======== RECORD SET ========

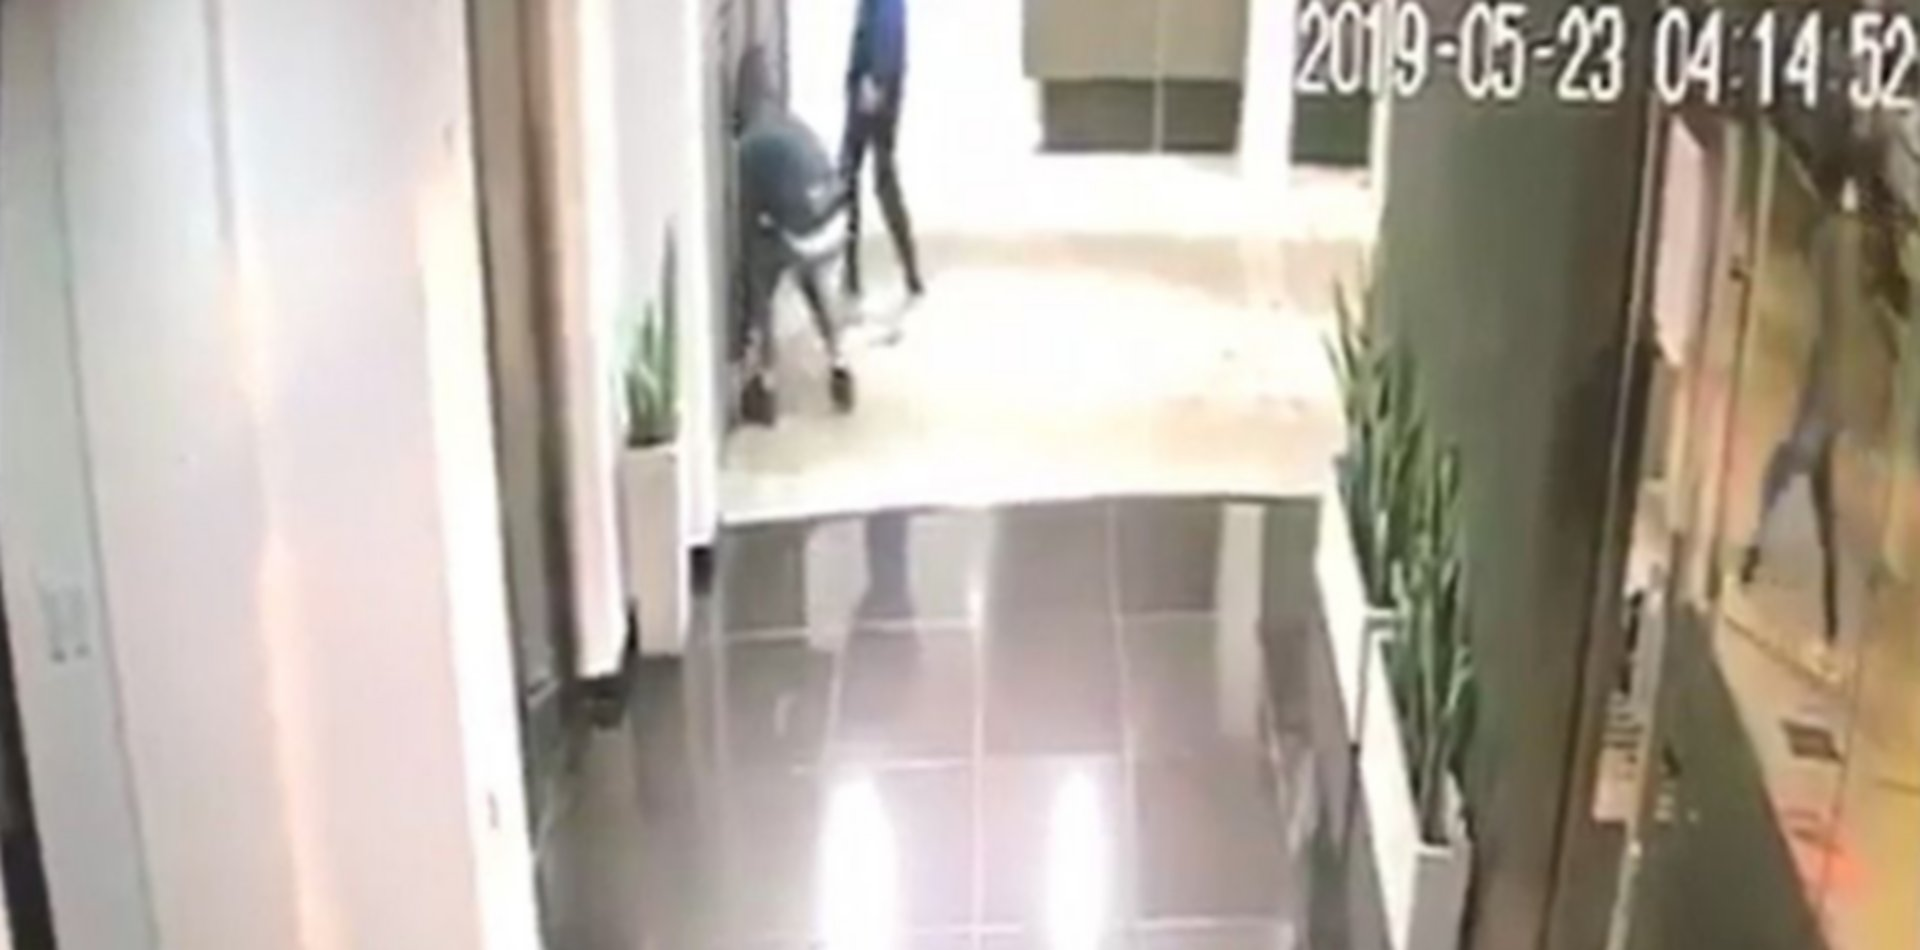 VIDEO: Cuatro ladrones, un portón y un fallido intento de robo en Barrio Norte
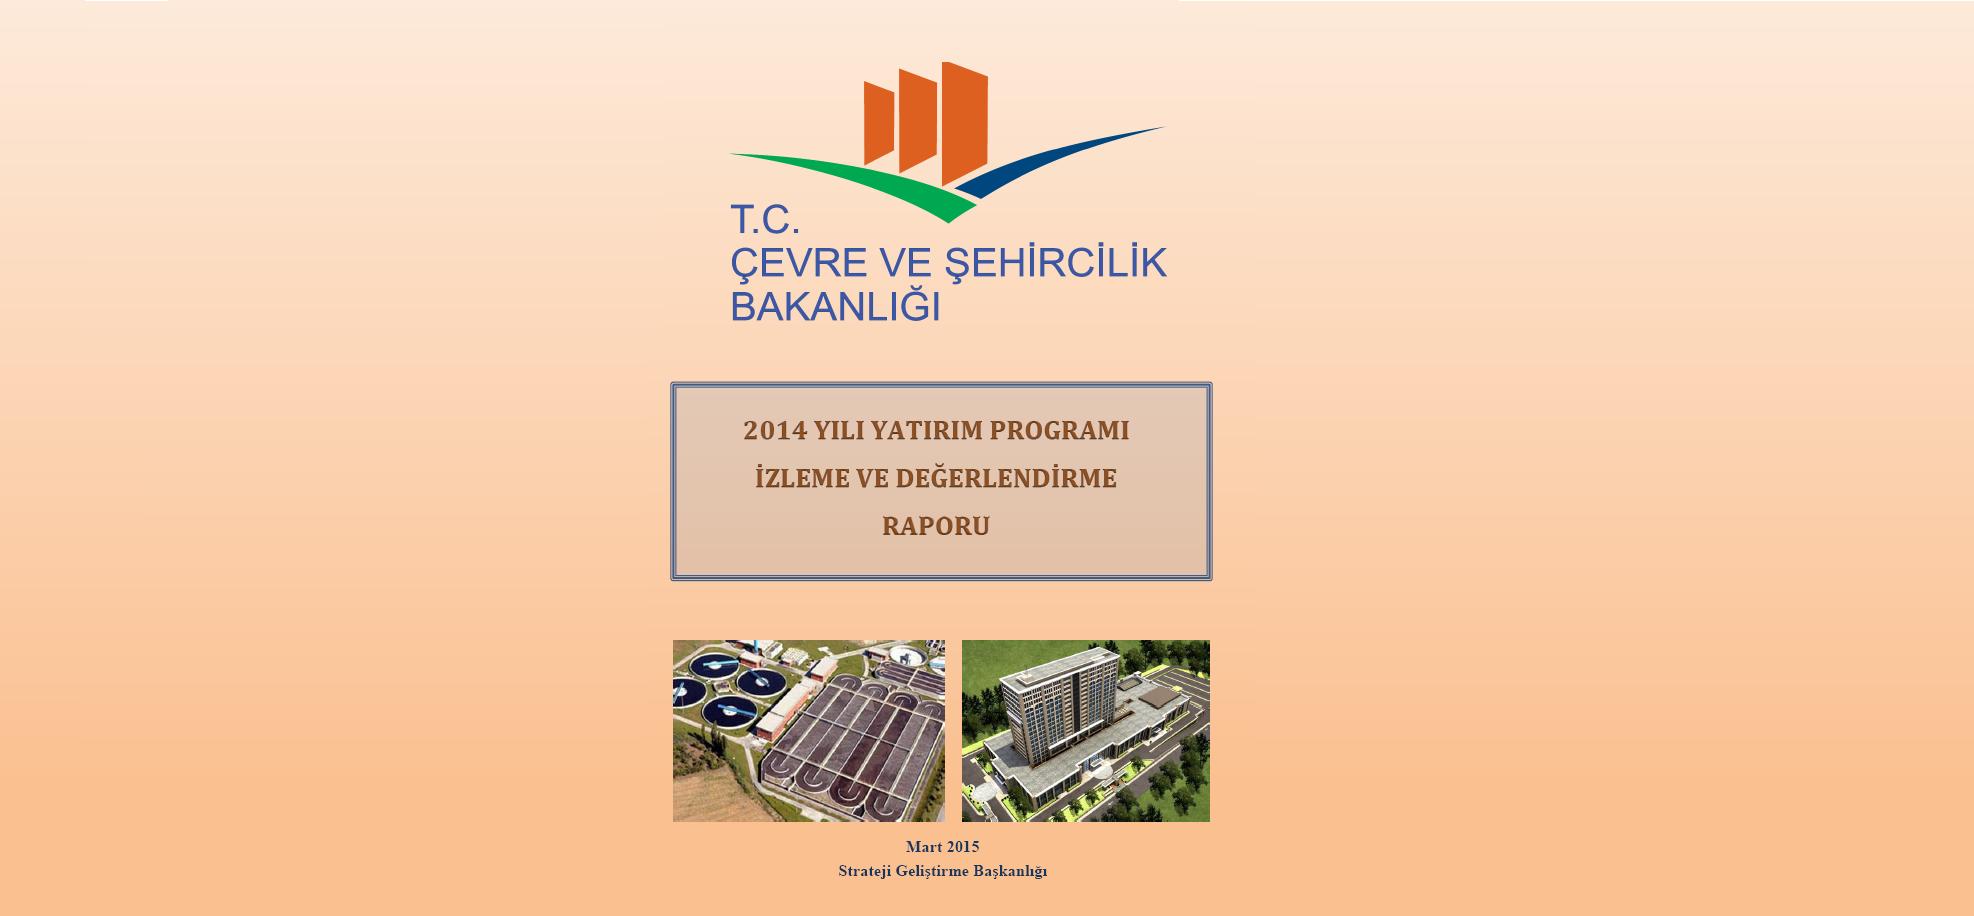 2014 Yılı Yatırım Programı İzleme ve Değerlendirme Raporu
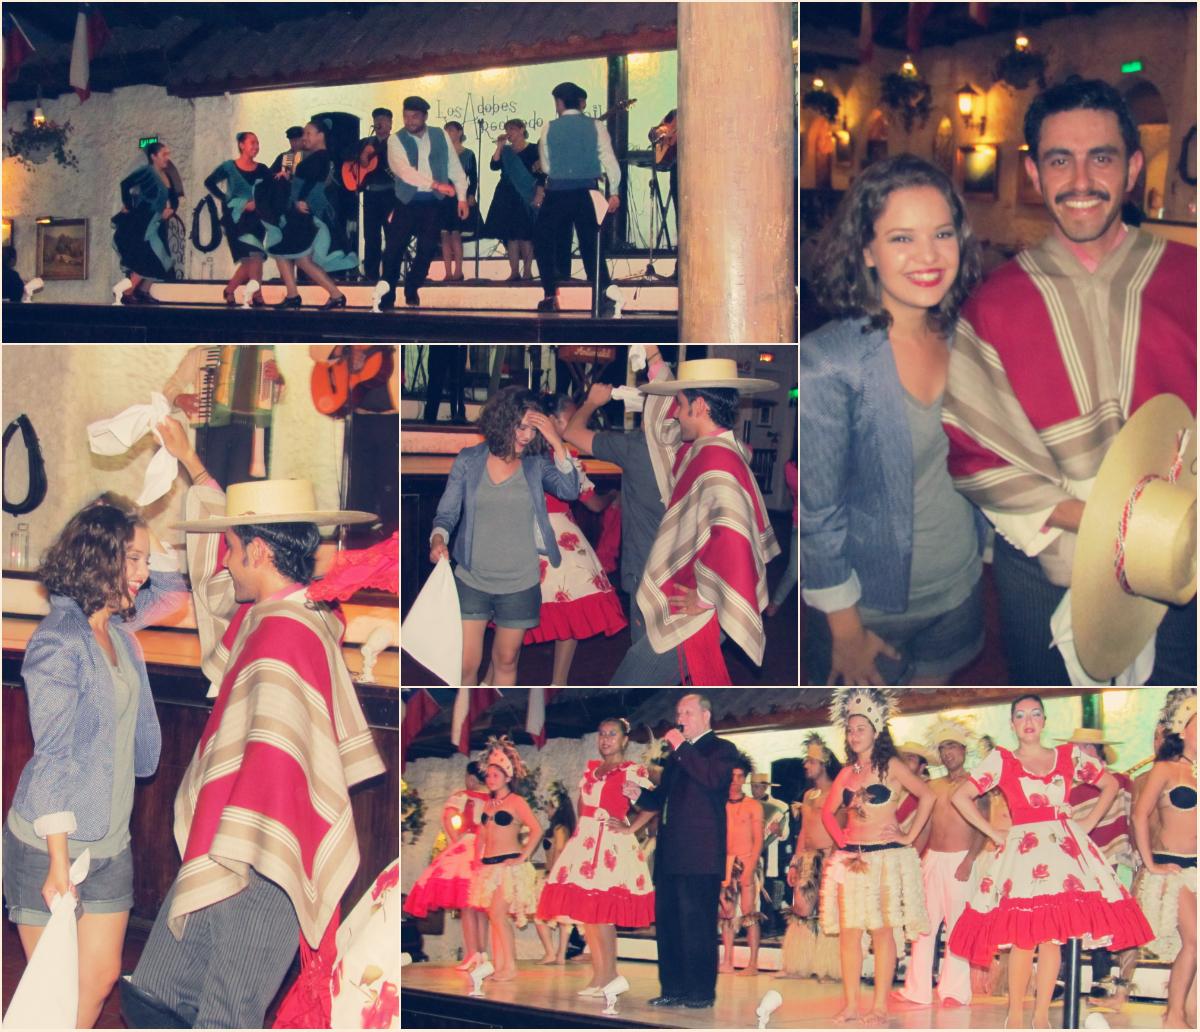 Fê Marley tentando dançar as músicas típicas do Chile - Restaurante Los Adobes de Argomedo.
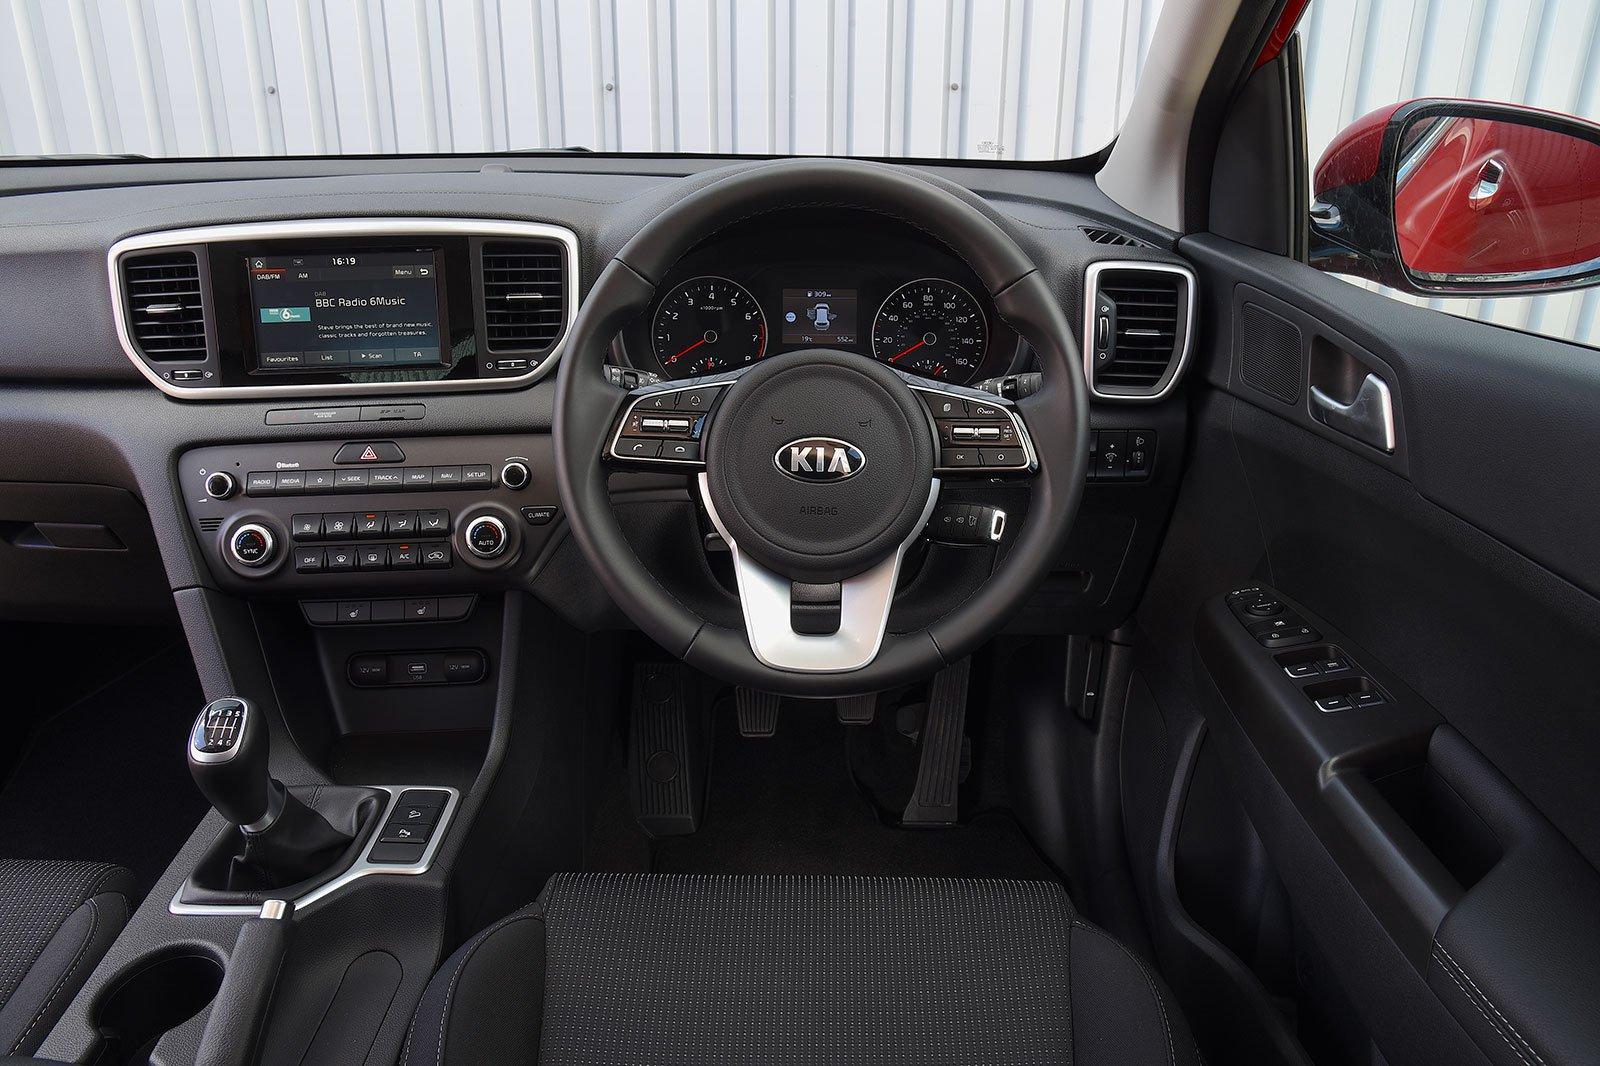 8: Kia Sportage 1.7 CRDi - interior
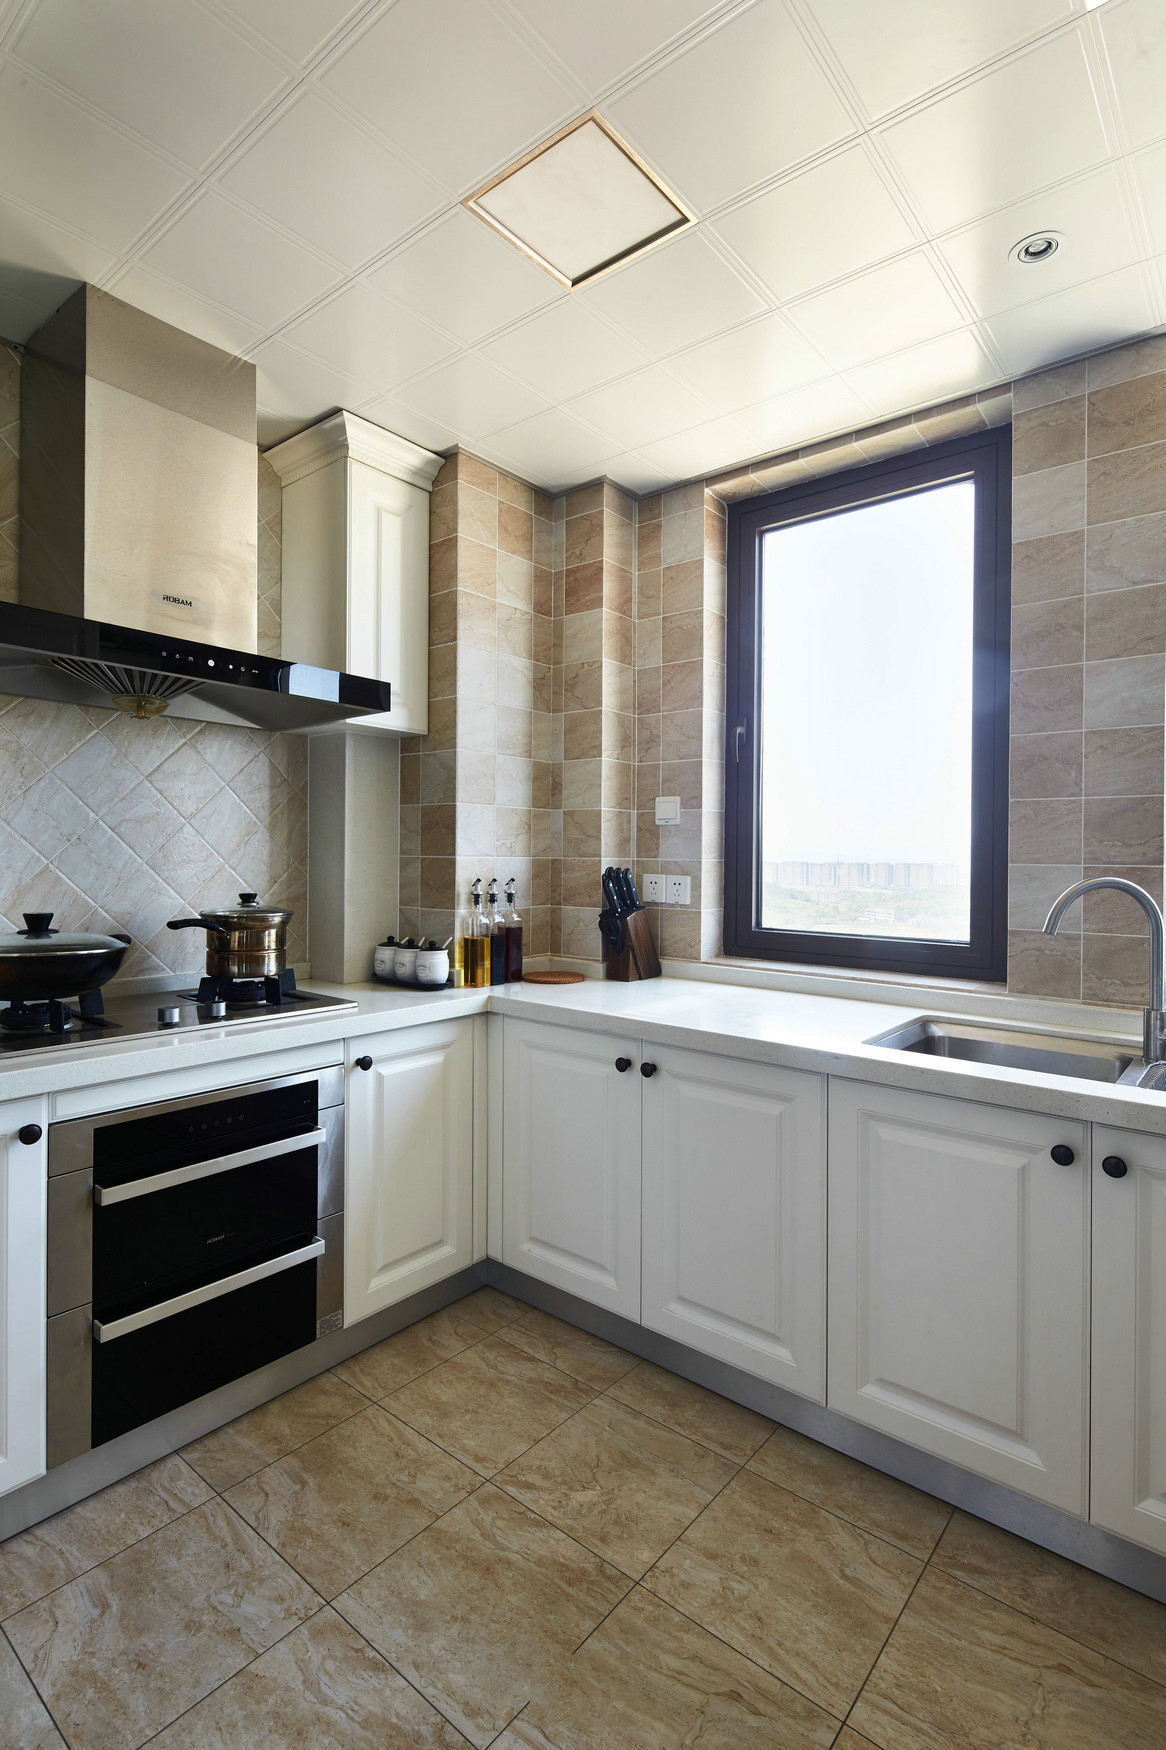 温馨美式厨房L型橱柜效果图

========

EXERCISE DESCRIPTION: Beginning with the line that contains "2014 Yılı Yatırım" in the data above, please copy each line exactly until the last line, both ends included, skipping any pictures.

TASK ANSWER:
 2014 Yılı Yatırım Programı İzleme ve Değerlendirme Raporu
 Fê Marley tentando dançar as músicas típicas do Chile - Restaurante Los Adobes de Argomedo.
 8: Kia Sportage 1.7 CRDi - interior
 温馨美式厨房L型橱柜效果图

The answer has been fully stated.